姜晓冷声道:“这是你欠我的!请你以后学会尊重女性,别再随便给人带来困扰!”
齐正贤不屑一顾:“你以为自己是谁?还想在游戏圈混的话,现在就给我道歉。”
要是自己真是个能把他揍趴下的壮汉就好了。姜晓嗤笑,扭头便走。
从未受过这等羞辱的齐正贤哪肯罢休,抬手就要按住她裸露的肩膀。
谁知就在手掌即将落下的瞬间,一只强有力的胳膊猛地将他拽开,随后一记重拳狠狠砸到脸上。
装模作样的平光眼镜彻底飞了出去,跌落在石板路上,发出清脆的声响。
姜晓被那动静惊到,愕然回首,发现不知何时出现的萧驰正站在身后,还顺手将宽大的休闲西服披在她的肩头。

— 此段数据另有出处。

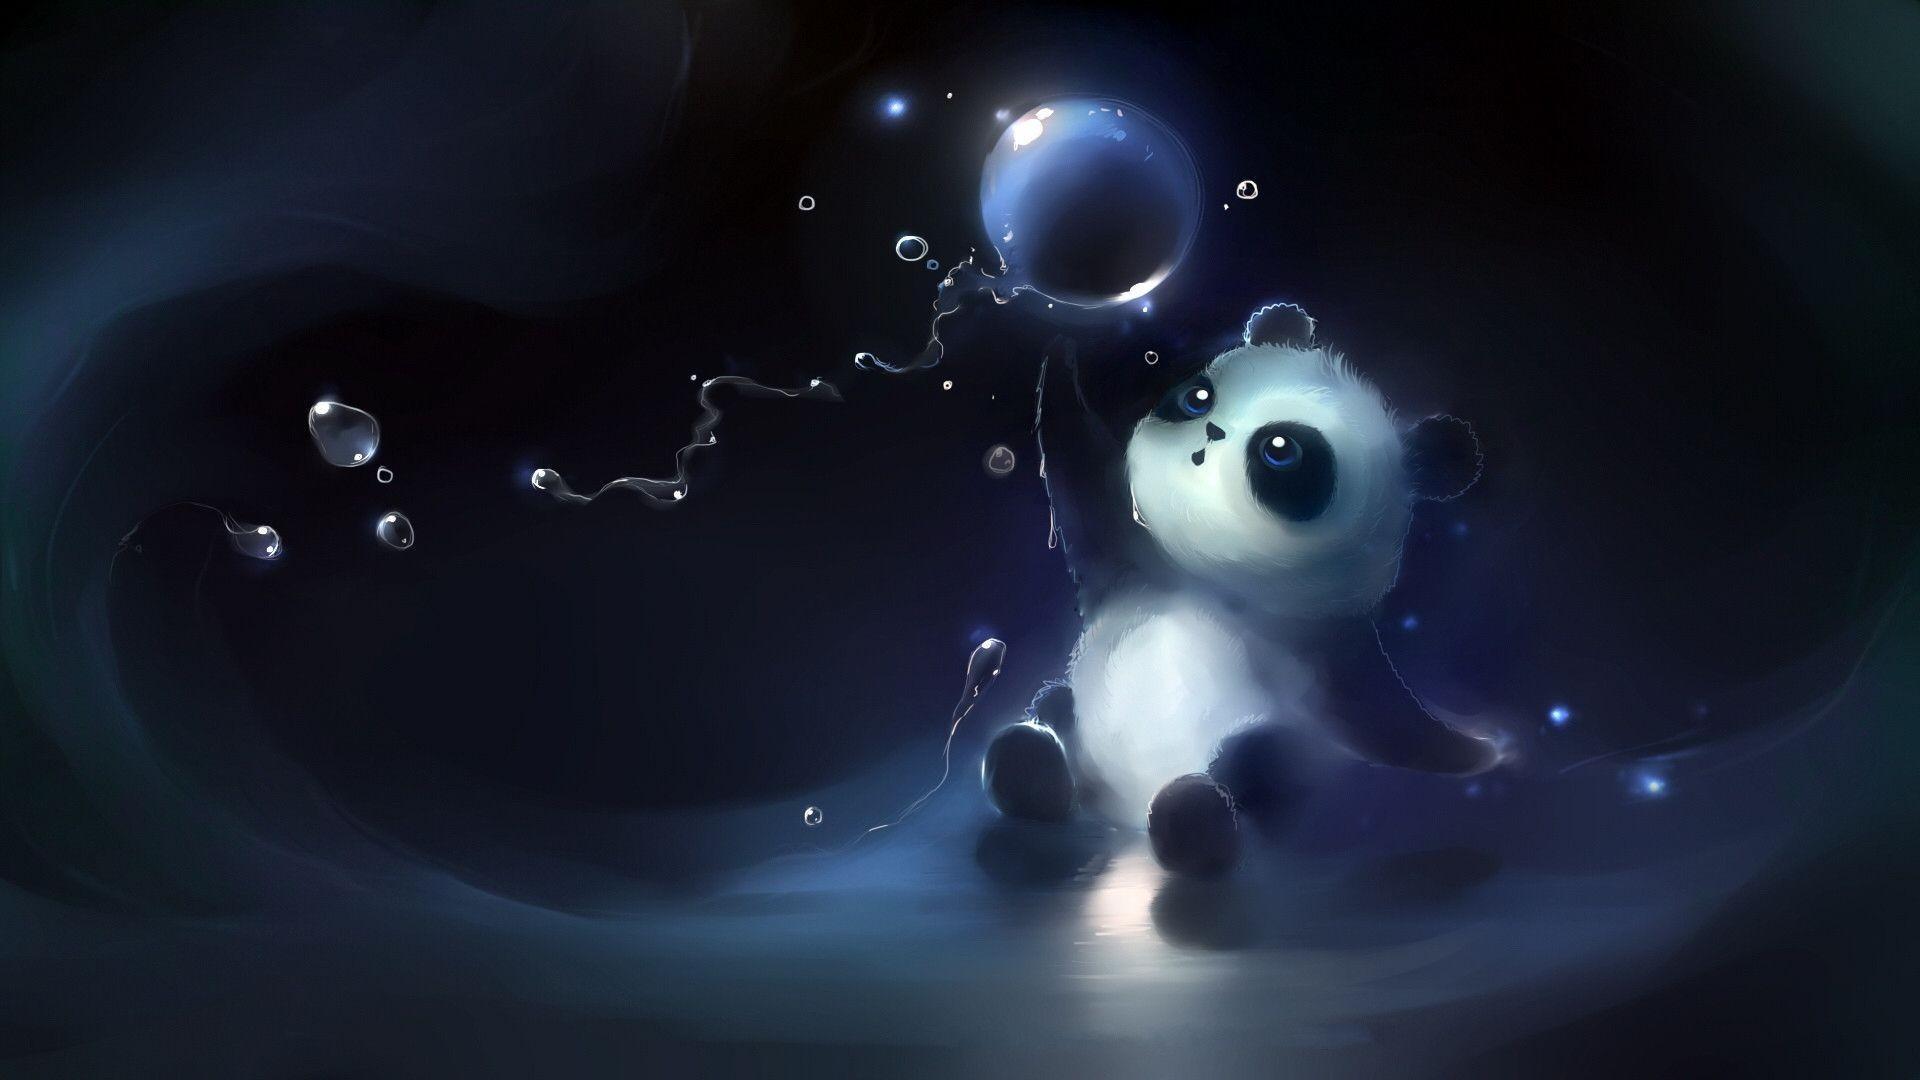 Hình nền Galaxy Panda đẹp tuyệt vời đang chờ đón bạn trên trang Wallpaper Cave! Chúng sẽ giúp bạn thưởng thức không gian mơ mộng trong thiên nhiên với các hình ảnh gấu trúc thật dễ thương và phù hợp với mọi loại điện thoại. Hãy xem ảnh liên quan để được gợi ý thêm.

小狗看起来比他们两人都要愤怒,睥睨着威胁道:“你敢碰她试试!”
年近四十的成功人士被个银毛小伙子当众威胁,自然咽不下这口气。但这个小伙子一米九高,壮得可以,故而火气只能化作语言攻击:“你他妈谁啊?”
“我是她——”
萧驰突然顿住。他心知肚明,自己的家世必定能成为震慑住这个老登的筹码,本能地想说出个名正言顺的关系。
但乱讲男朋友之类的,姜晓肯定要生气。
鬼使神差间,萧驰改口:“她是我的主人!”
姜晓和齐正贤:“……”
第20章
被大理石覆盖的酒店长廊里,讲起话来竟有隐隐回响。
“高材生,你脑子进水了?”姜晓没好气地抱着胳膊训狗,“那种混话能和陌生人乱说?”
自知失言。狗摇摇尾巴不吭声。
这下算是彻底和齐总撕破脸。继周彦白之后,她的“光辉战绩”又添一笔。
不过一想到伪君子气急败坏的样子,姜晓拧着的眉头反而舒展开来。
公司里不堪入耳的八卦正主现身,萧驰既心疼又愤怒,小心翼翼地试探:“那个老流氓是不是欺负过你?你别受他——”
“没有,”姜晓直接打断,“我还没那么傻。”
可惜再怎么洁身自好,也堵不住别人的嘴巴。她低头摆弄起手机里的录音文件,心里像塞了团无力的棉花。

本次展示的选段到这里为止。